In the first stage, the researchers will also do longitudinal testing of a subsample of the study population. Additionally, they plan to explore the feasibility and scalability of remote testing using blood-prick samples, Raymont said. For this latter project, the team is working with Nicholas Ashton, a researcher at King's College London and the University of Gothenburg, who has been running a similar study in Sweden.
The READ-OUT study's second stage will be a two-year, 880-subject randomized controlled trial looking at the utility of sharing blood-based biomarker data with patients and their physicians with the primary outcome measure being improvement in the quality of life. Raymont said that outcome was chosen in part because data on it will be required by the NHS in order to add blood-based Alzheimer's testing to its list of covered services.

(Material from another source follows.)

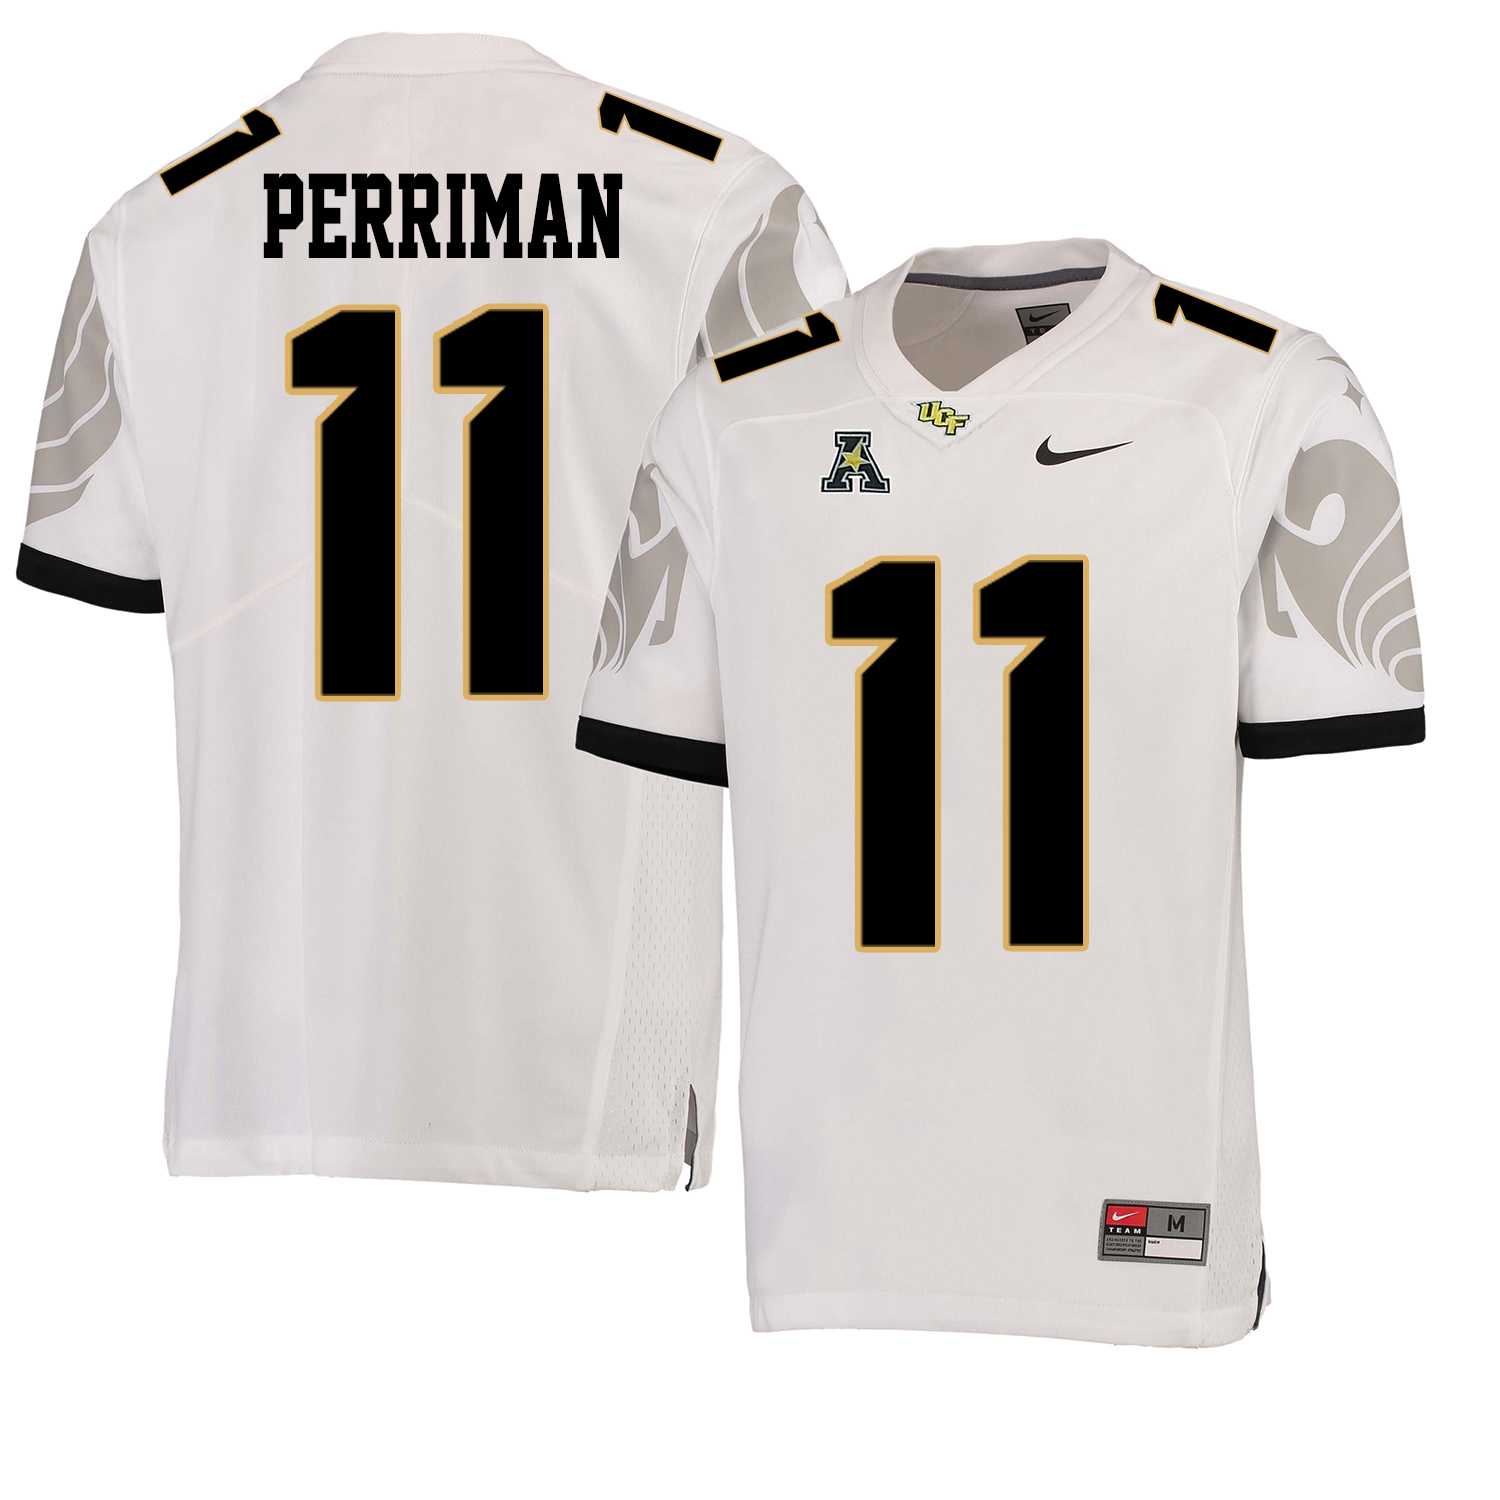 UCF Knights 11 Breshad Perriman White College Football Jersey DingZhi
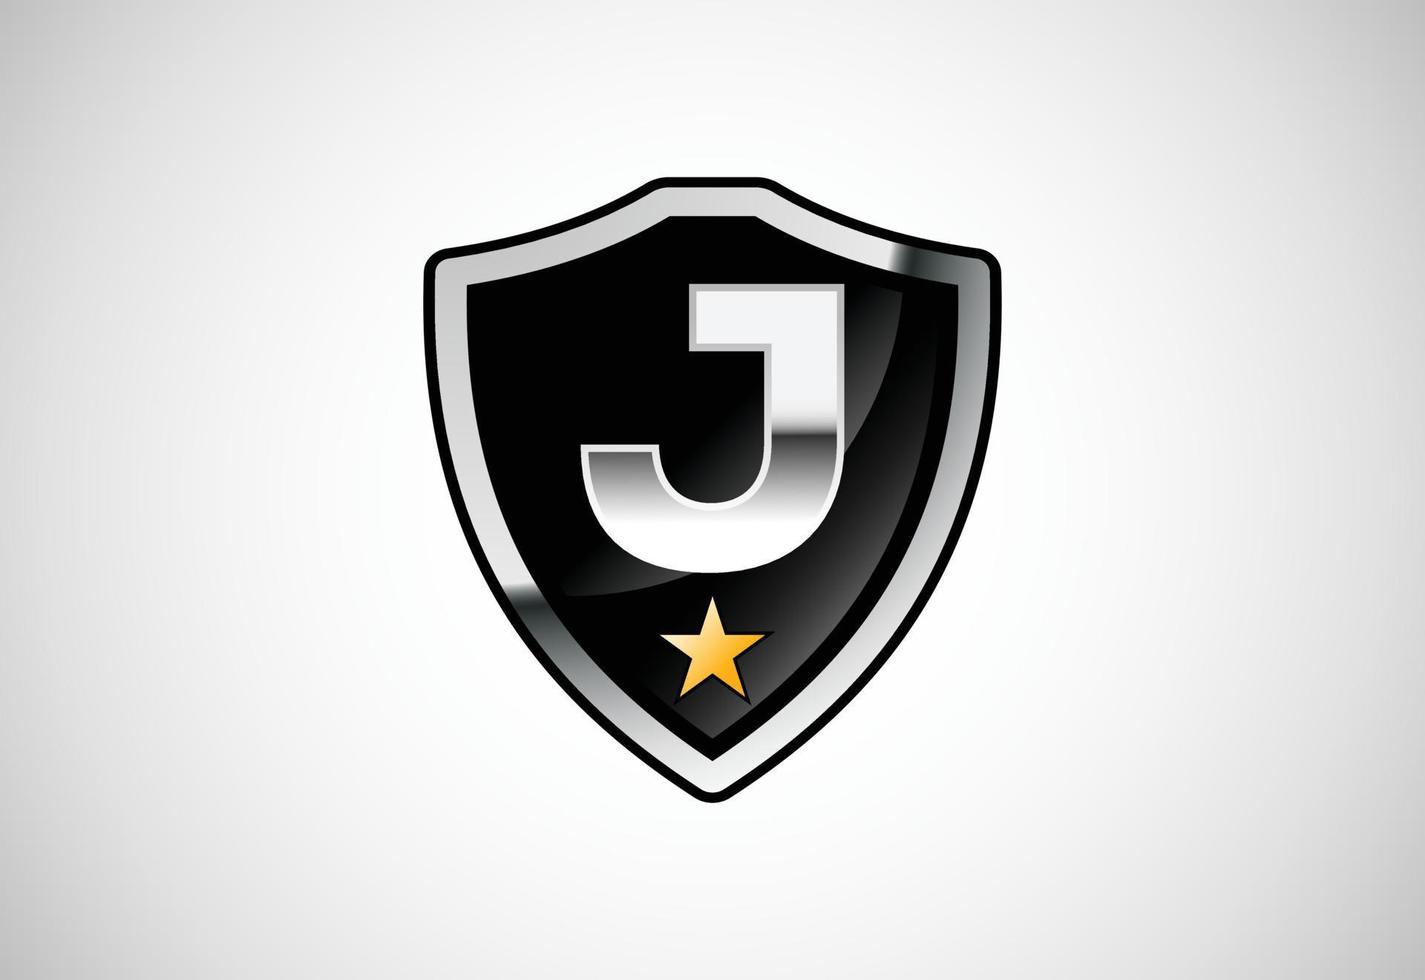 Initial letter J with shield icon logo design vector illustration. Shield with monogram alphabet

The researchers will also look at qualitative assessments around "acceptability to the participants and family members" and "whether there is an impact on cognition and activities of daily living," she said.
The second stage will also model the health economics of blood-based Alzheimer's testing.
Raymont said she and her colleagues are considering a variety of platforms and test manufacturers for use in the study but noted that one factor they are particularly interested in is how easily a test can scale for use at multiple sites across the UK. Currently, she said, almost all of the country's biofluid-based Alzheimer's testing is done out of University College London (UCL).
UCL researchers are leading the ADAPT study, which is looking specifically at plasma p-tau 217, which is among the more promising blood biomarkers for Alzheimer's. Ashvini Keshavan, senior clinical research fellow at UCL and a leader of the study, said it will comprise three stages.
In the first stage, Keshavan and her colleagues will evaluate different p-tau 217 tests to determine which to use in later portions of the study, assessing factors like their pre-analytic variability and how well they can deal with samples transported from remote parts of the UK. In the second stage, the researchers will measure p-tau 217 in samples collected prospectively over a period of three years from patients undergoing PET scans at Imperial College London with the aim of ensuring that the cut points they establish for their p-tau 217 measurements don't drift over time.
The final stage of the study consists of a 1,100-subject randomized controlled trial investigating whether use of p-tau 217 testing increases the rate of Alzheimer's diagnoses.
"We know that in the UK at the moment, it is likely that people overall are being underdiagnosed with AD," Keshavan said, adding that the primary endpoint of the trial is a 10 percent increase in the rate of Alzheimer's diagnosis in the arm with access to p-tau 217 testing compared to the arm that does not.
Keshavan said that she and her colleagues have not yet nailed down which p-tau 217 tests they will evaluate for use in the study but that they would likely look at Alzpath's Alzpath Dx p-tau 217 test, which uses Quanterix's Simoa immunoassay technology, and Fujirebio's Lumipulse assay. Laboratory Corporation of America uses the Fujirebio assay for its plasma p-tau 217 test, which the company released in March.